Lo que el ser humano es. El debate naturaleza-medio y los presupuestos de toda ética y filosofía política (1ª parte)




En toda visión del mundo siempre se presupone lo que el ser humano es.

El debate acerca de la caracterización de lo que es la naturaleza humana, si cabe hablar de tal cosa dada la primacía del medio donde se desenvuelve, o en qué medida son las estructuras histórico-sociales quienes conforman la identidad humana, se repite cada vez que nuevos estudios ponen de relieve alguna dimensión del ser humano que resultaba poco conocida.
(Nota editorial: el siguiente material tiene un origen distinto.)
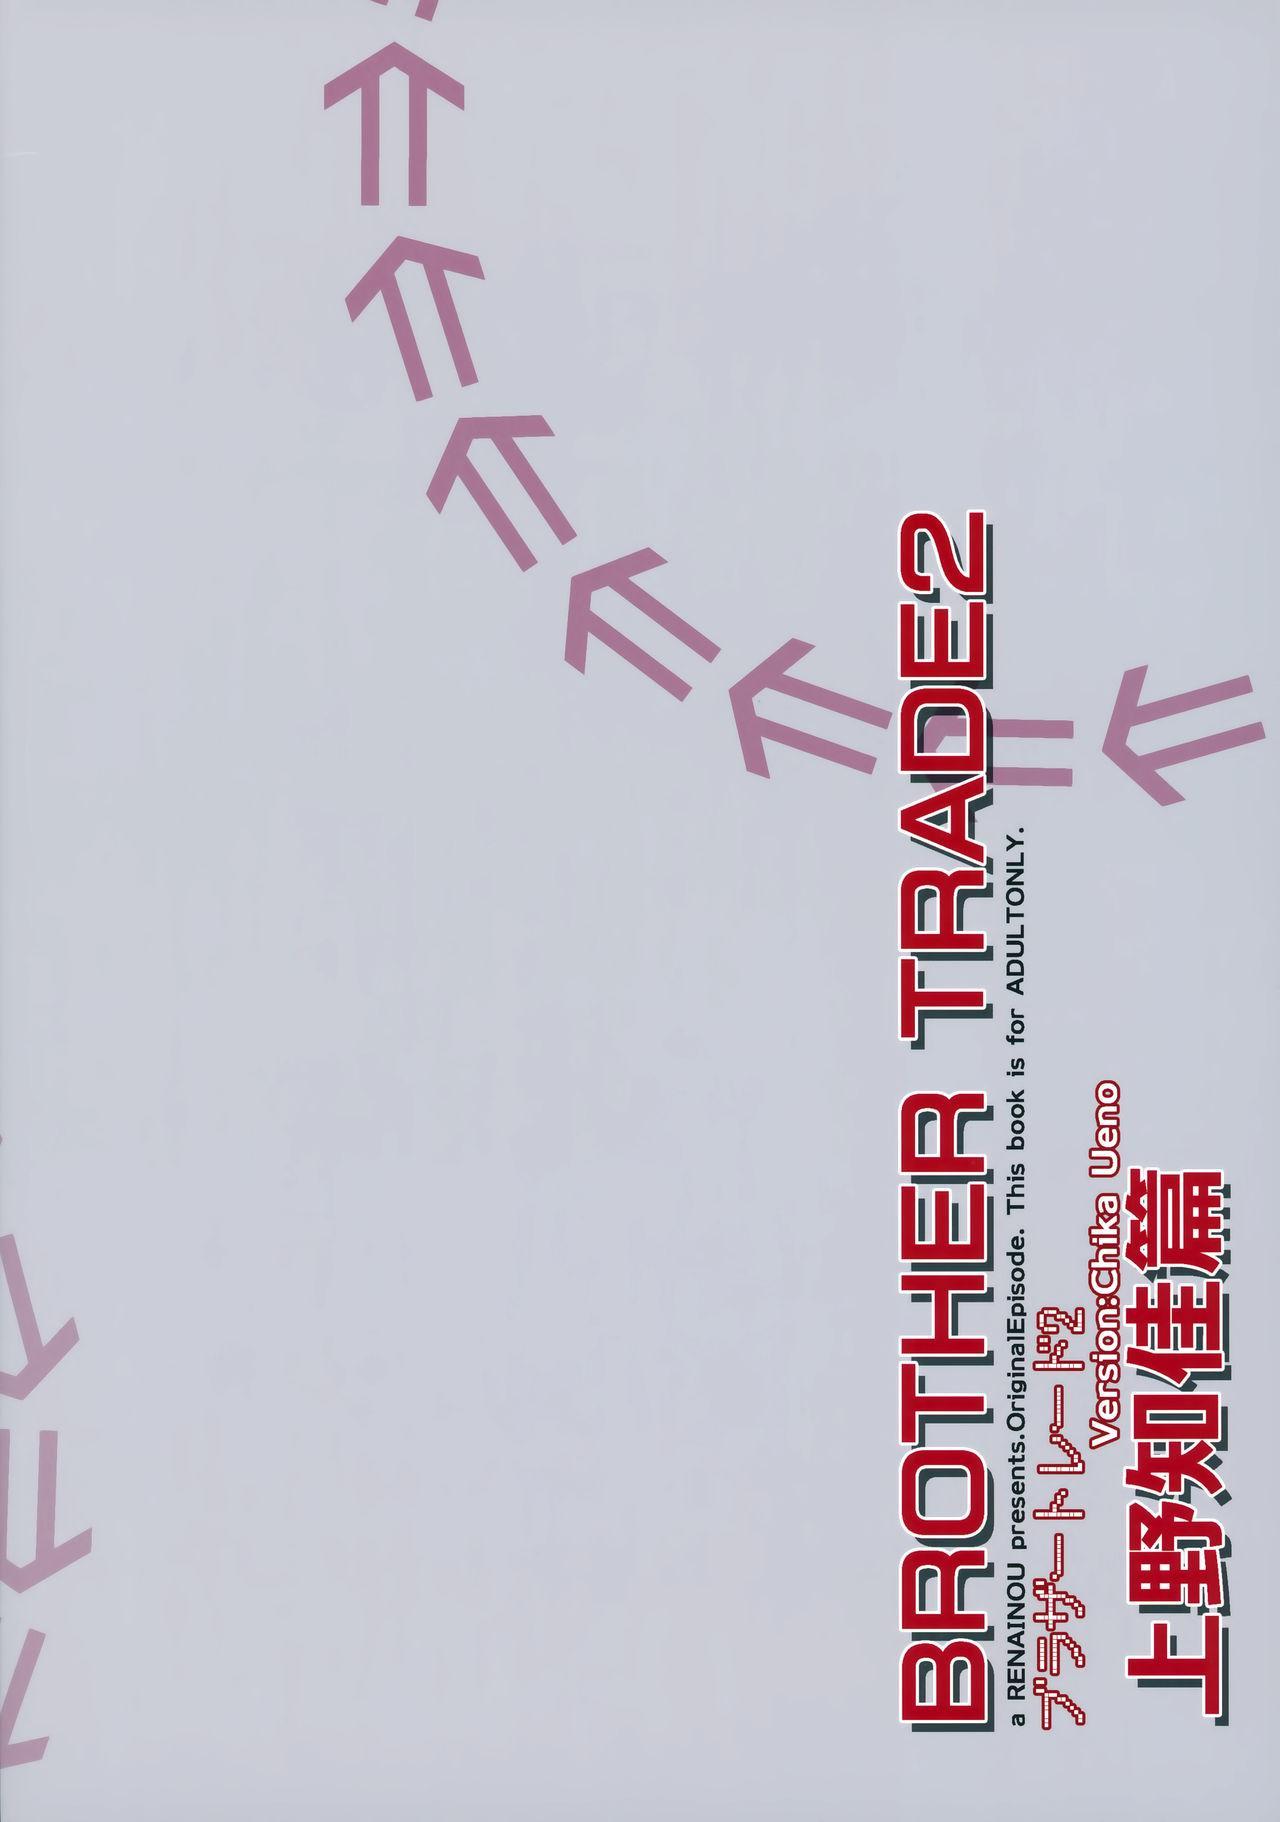 Brother Trade 2 Ueno Chika Hen 1

En algún tiempo, incluso, se le ha tratado de restar importancia o, al menos, se ha obviado dicho debate. Pero lo cierto es que no hay teoría ética o filosofía política que no presuponga una concepción de lo que el ser humano es. Y eso es lo que provoca la recurrencia de dicho debate cuando se producen esas investigaciones o estudios.
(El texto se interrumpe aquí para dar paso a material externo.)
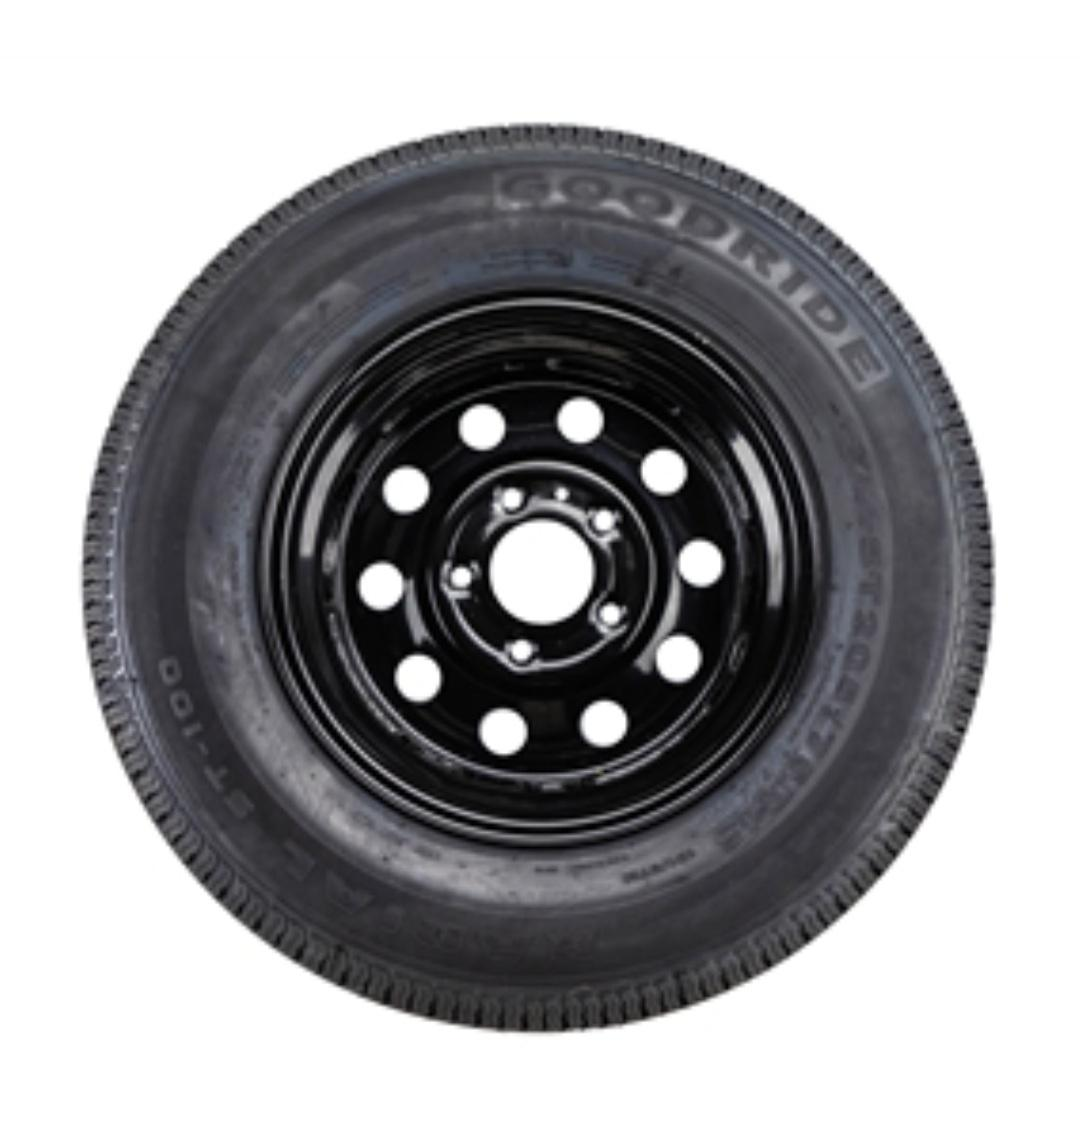 ST205/75R15 Goodride 2 colors- Rim and Wheel

Hoy podemos admitir que a todo ser humano, por el hecho de serlo, le es inherente el reconocimiento de su dignidad. Pero saber en qué consiste tal dignidad, nos genera más dificultades. Intuitivamente pensamos que cuando nos hieren o nos utilizan, cuando se aprovechan de nuestra persona, se está degradando nuestra propia dignidad. Y, en efecto, siguiendo la tradición ilustrada y kantiana, podemos entender que se respeta la dignidad del ser humano cuando  este no es considerado como un medio para otros fines, porque ello, entonces, lo convertiría en un instrumento o mercancía; y como toda mercancía, sometida a un valor intercambiable o precio. Respetar la dignidad consistiría, entonces, en considerar al ser humano siempre  como un fin en sí mismo. En consecuencia, esa dignidad, inalienable, tendría que expresarse en unos derechos reconocidos universalmente y que supondrían una barrera infranqueable para quien pretendiera utilizar a cualquier ser humano para sus fines particulares. Este principio universal, defendido desde las éticas formal-kantianas, no deja de presentar ciertas dificultades a pesar de que intuitivamente parece asumible en, al menos, nuestra cultura occidental.



Admitido, por tanto, ese igual reconocimiento de la misma dignidad para todo ser humano, el problema reside en cómo identificar esa dignidad y qué consecuencias normativas pueden desprenderse de ello. Cierto es que dichos contenidos se han reconocido e implementado en un proceso histórico en el que las clases subalternas y emergentes lo han demandado a los poderes sociales establecidos. Pero este proceso no ha sido ni es unilineal y acumulativo, sino que, además de avances y retrocesos, ha establecido líneas divergentes produciendo en ocasiones colisiones entre sí. El derecho de propiedad como derecho natural, reivindicado por los ilustrados, necesariamente tenía que colisionar con el reparto de la riqueza que el movimiento obrero exigía desde el siglo XIX.

Por ello, tanto los derechos como los deberes, desde los grupos sociales que los asumían, pugnaron por su reconocimiento social y establecimiento normativo incardinados en diferentes corrientes filosófico-políticas y teorías éticas que también se expresaban en las ideologías políticas, fuesen conservadoras o progresistas, de raíz cristiana o laicas, liberales o entroncadas en el marxismo. Y estas sustentaban y justificaban, en buena medida, sus diversos planteamientos en la a su vez diferente concepción del ser humano, en lo que entendían acerca de su naturaleza. Hasta la base racional en que se fundamentaba el principio universal de humanidad no ha podido mantenerse sin más, a `pesar de la indudable importancia adquirida como fundamento de los derechos humanos y encontrarse plasmada en los principios constitucionales de numerosos países, surgiendo otras explicaciones de tipo histórico-social que relativizan su alcance racional por más que lo mantengan como aspiración, como veremos a continuación.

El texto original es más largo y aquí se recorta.